Apabila ini semua telah dipertimbangkan dan kemudian dapat ditangani secara baik, setidaknya modal untuk mengukur kinerja pemerintah itu sudah ada, tinggal menunjuk unit yang mengawal evaluasi kinerja pemerintah. Unit inilah yang kemudian melapor ke presiden agar, dari waktu ke waktu, presiden bisa luwes dan yakin dalam melakukan perubahan-perubahan tanpa harus keluar dari konteks teknis pemerintahan. Karena sistematis, presiden niscaya terbantu dan konfiden ketika tiba saatnya melakukan pengambilan-pengambilan keputusan.

Berangkat dari hal-hal di atas, sedikitnya terdapat empat butir yang menurut hemat saya perlu dijalankan. Pertama, "ikat" para pemimpin K/L dengan kontrak kinerja-terlepas akan ada kocok ulang atau tidak-agar manakala di kemudian hari ada perubahan, semua pihak bisa memiliki acuan sama. Kontrak kinerja dijabarkan menjadi program-program K/L dengan ukuran jelas dan terukur. Penjabarannya, ada baiknya, per tahun. Sebagai permulaan, milestone evaluasi paling dekat terpenting adalah Desember 2015. Pasalnya, pada titik itu, bilamana ditemukan ketidaksesuaian atau penyimpangan, segera dapat dilakukan pembenahan. Jadi, jabarkan dulu hingga Desember 2015; baru menyusul yang sampai Desember 2016, Desember 2017, dan seterusnya. Berdasarkan prioritas-prioritas inilah aspek perencanaan mengikutinya.

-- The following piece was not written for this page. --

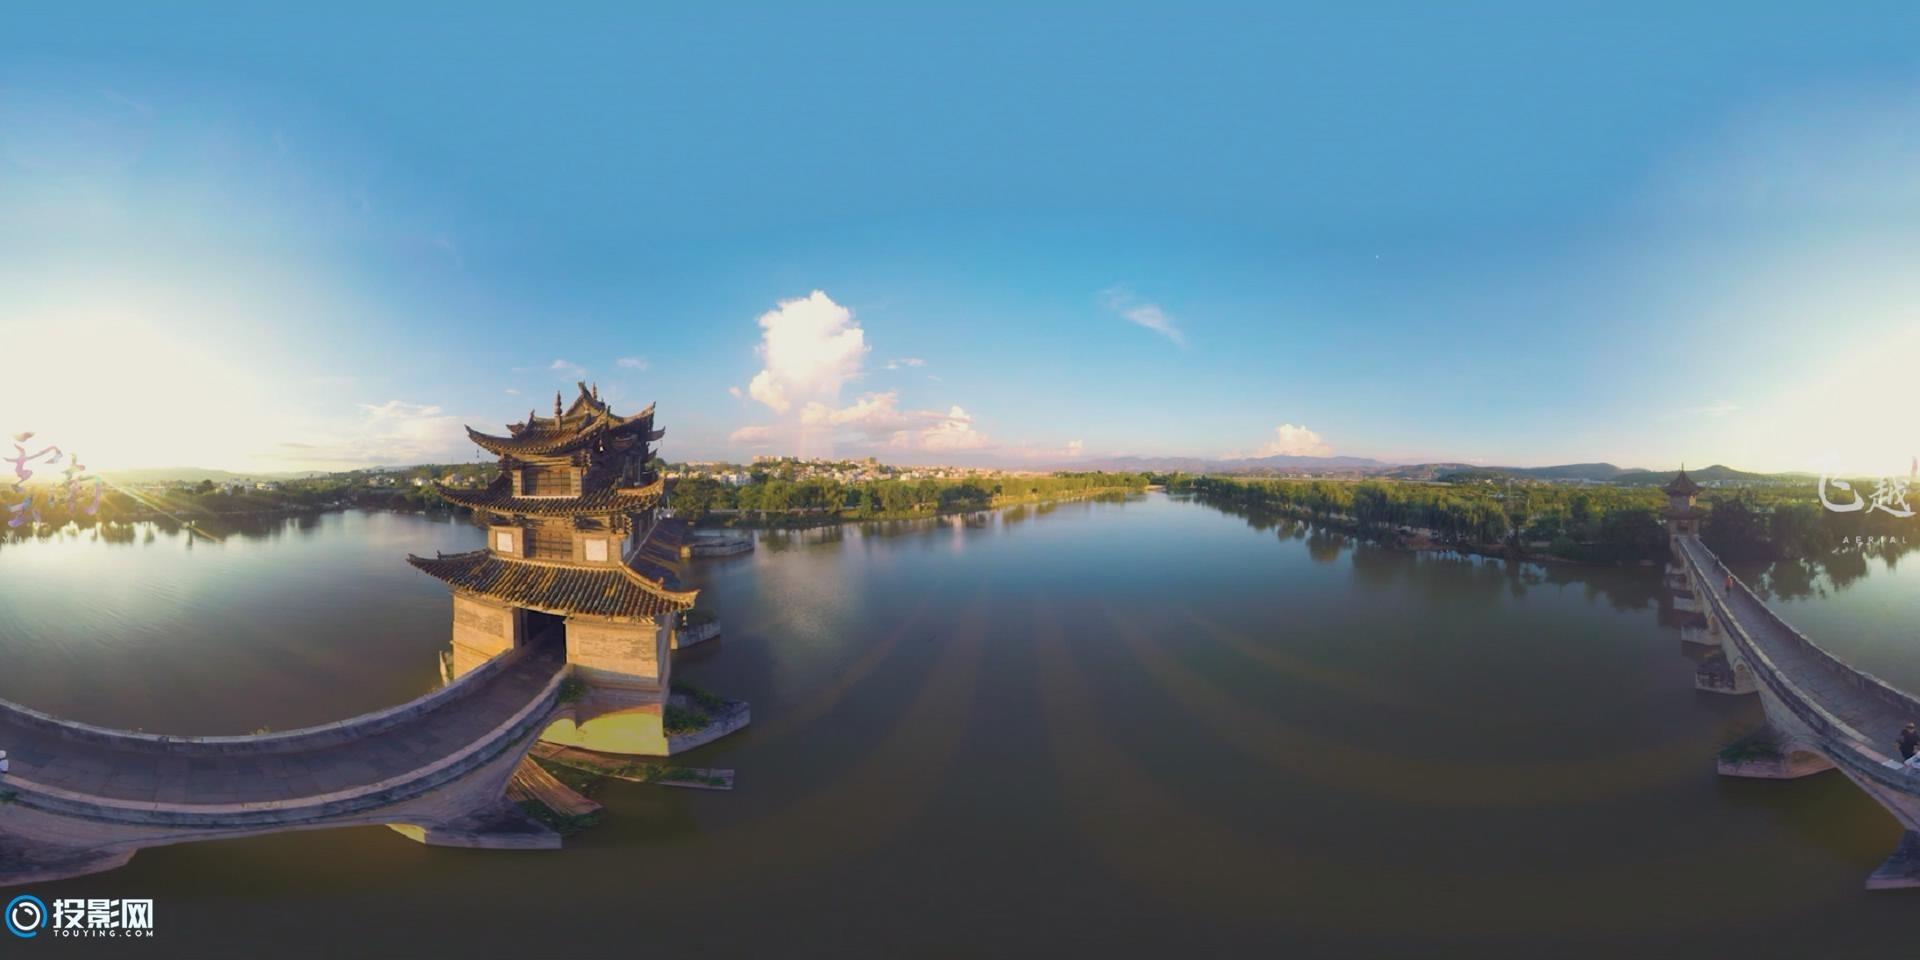 [VR360°全景] 飞越云南:建水·十七孔桥 [1080P/MP4/70MB]

Kedua, tunjuk satu lembaga untuk mengawalnya. Namanya boleh apa saja. Karena merupakan unit-independen-di- dalam-pemerintahan yang memberi masukan kepada presiden, ia harus obyektif, pantang terbelit kepentingan apa pun, baik politik maupun lainnya. Kerjanya bukan semata "kerja konvensional" monitoring-evaluasi-melapor (kepada presiden), tetapi yang jauh lebih penting adalah melakukan perbantuan (consulting), pembenahan, serta penguraian sumbatan terhadap K/L bahkan daerah.

Ketiga, (pemimpin) K/L harus meningkatkan kemampuannya dalam menyampaikan sinyal-sinyal positif lebih dari sekadar kebutuhan untuk berkomunikasi. Contoh: bagaimana kita memberikan sinyal terkait sebuah produk keputusan presiden yang keliru atau sinyal terkait peneraan nomenklatur kelembagaan yang kurang tepat. Alih-alih problem teknis, hal ini sebetulnya merupakan problem mendasar organisasi, yakni penguasaan komunikasi dan psikologi massa. Keempat, perkuat sistem aduan rakyat yang sudah eksis itu, yakni LAPOR! (Layanan Aspirasi dan Pengaduan Online Rakyat), dalam hal kecepatan respons dan tindak lanjutnya. Pengelola LAPOR! harus punya kemampuan melakukan penguatan kepada K/L/ daerah agar terus memperbaiki kinerja.

Kesemua empat butir itu memiliki arti penting bagi rakyat. Rakyat menjadi melek bahwa pemerintahnya tak absen. Pemerintahnya ada dan bekerja.